Vesterbro Torv (Note: lit.: "Western-faubourg Square". The term "bro" (or "bro-kvarter") is used in many placenames of Danish cities, such as Nørre Stenbro, Nørrebro, Vesterbro or Østerbro. The word is used for neighbourhoods close to, but outside, the inner city, inspired by the French concept of faubourgs. The term has been in use for many years, and many neighbourhoods that was originally outside the inner city has now become part of it.) is a public square in the Vesterbro neighborhood of Aarhus, Denmark. It is at the junction of 8 streets; Vesterbrogade, Hjortensgade, Langelandsgade, Teglværksgade, Nørre Allé, Vesterport, Vester Allé and Janus la Cours Gade.

The formerly heavily trafficked square was rebuilt in 2024, as part of a bigger development plan to ease motor traffic from the central city. The new design installed more street furniture and recreational space. The square is expecting a second phase of rebuilding.

== History ==
Vesterbro Torv was in the early 1800s an unused area south of the road leading to Viborg.
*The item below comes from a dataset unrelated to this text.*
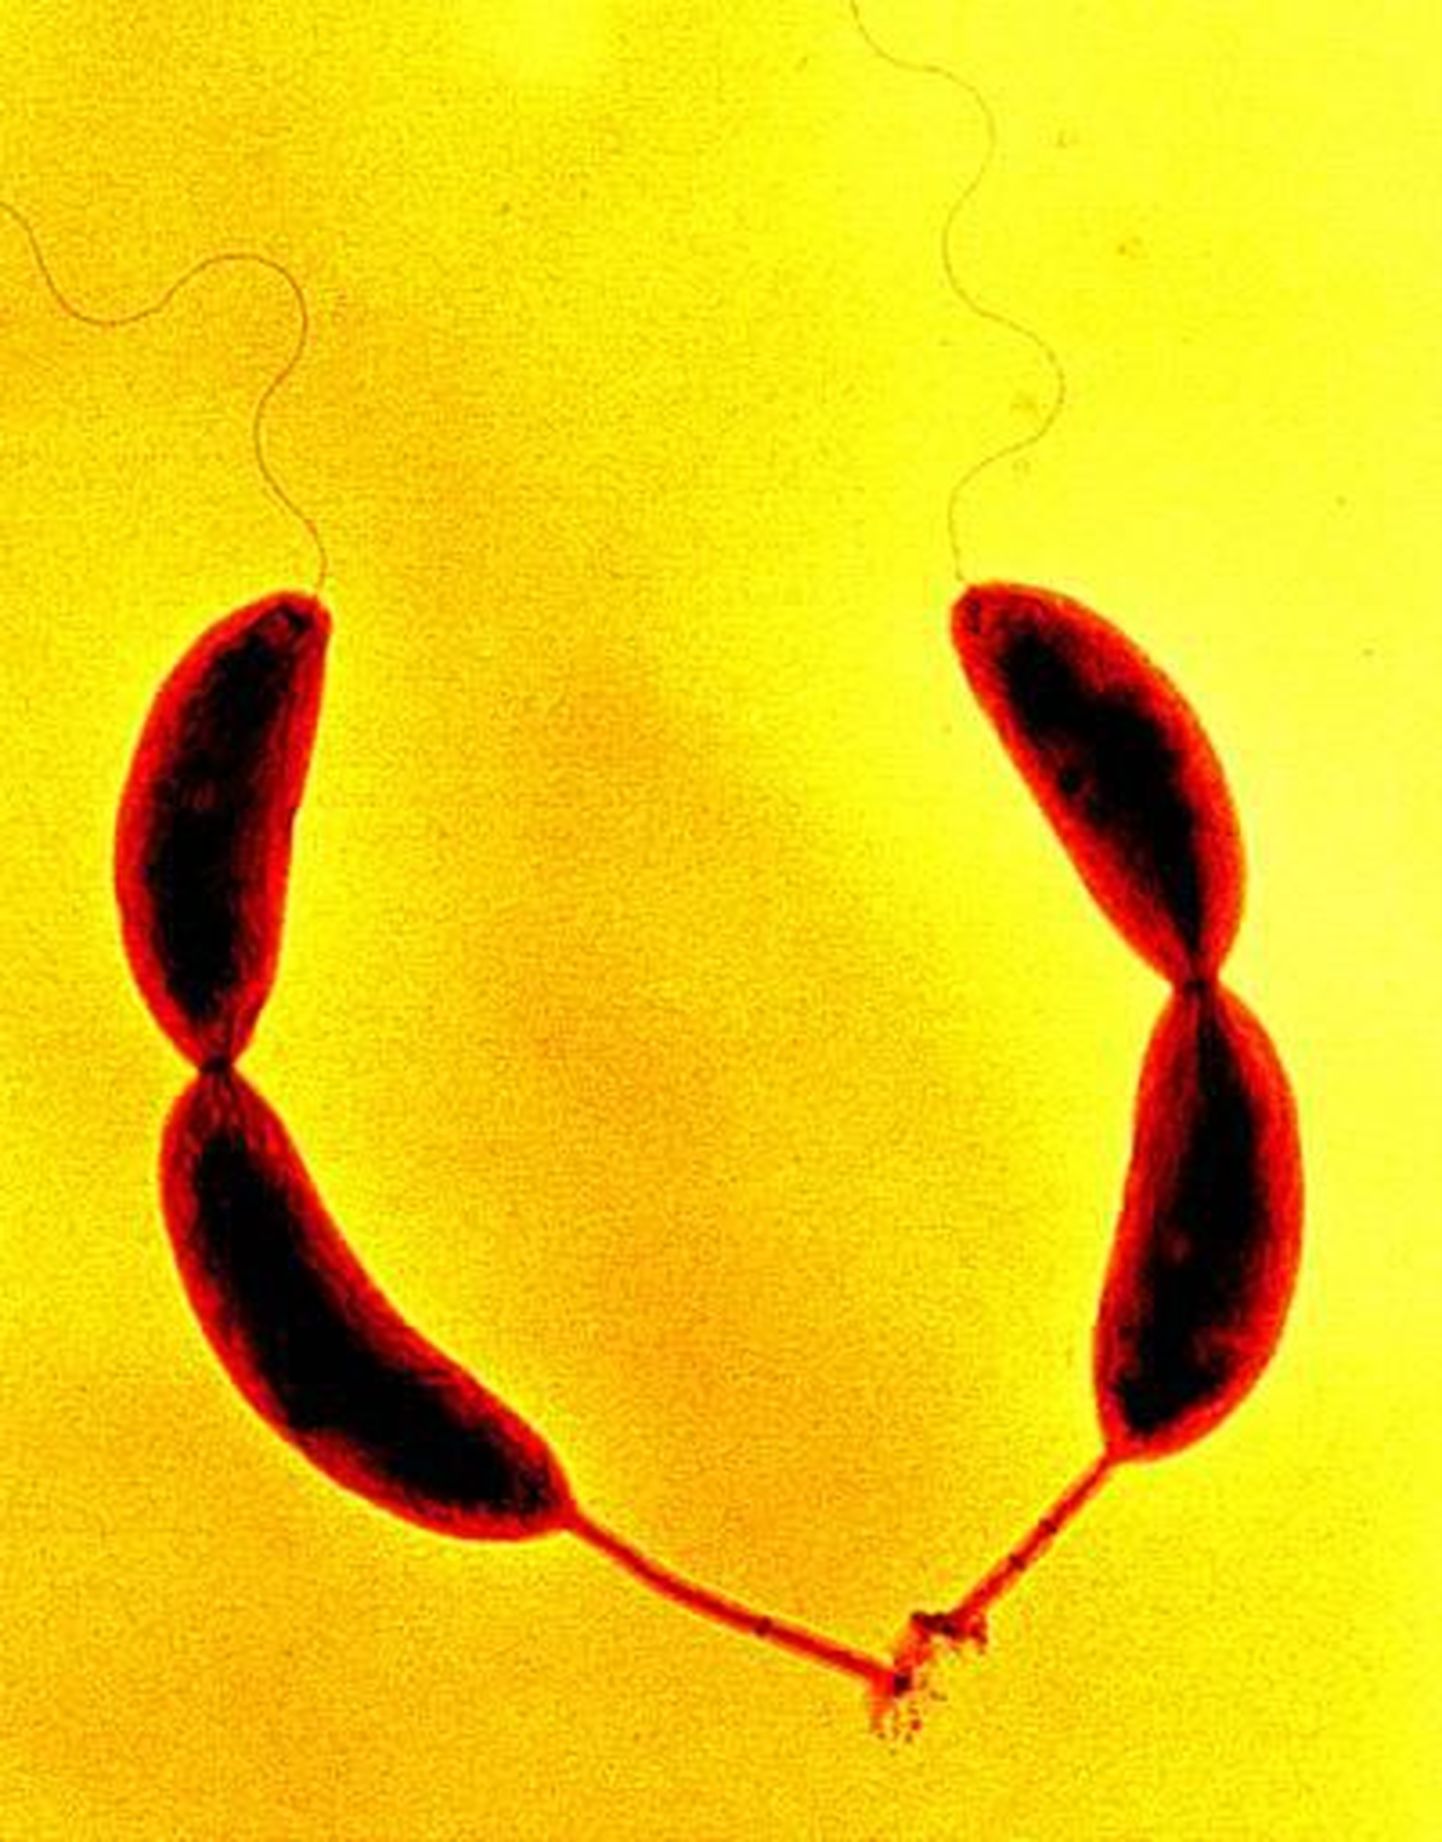 Caulobacter crescentus

During the 1840s the area was gradually used as a market place when the cattle trade was moved from an area by the city gate Frederiksport . The area is mentioned in different sources of the time as Kvægtorvet (Cattle market) and later Grisetorvet (Pig market). In the 1880s permanent stalls for sheep and pigs where installed and the area was paved in cobblestones surrounded by a banister. In 1890 the square was named Vesterbro Torv for the neighborhood Vesterbro that had grown up around it. The cattle trade continued until 1907 when it was moved to Aarhus Offentlige Slagtehus (Aarhus Public Slaughterhouse) which had opened in 1895. In 1913 the local beautification association began work to renovate the square. Funds were collected from the people living in the area which yielded 1000 DKK, the association itself gave 500 DKK and the city council contributed another 500 DKK.

In the 1950s the square was substantially altered when underground parking garages were built and a monumental office building was constructed on the south side of the square. The older buildings around the square was gradually replaced over the following years and in 1976 the last large building was constructed on Vesterbro Torv no. 10. The only original building from the 1800s is a corner building by Vesterport. In 2016 one of the two last low 1- and 2-story buildings were demolished to make way for a 5-story residential building while proposals to redevelop the remaining building was passing review in the city council.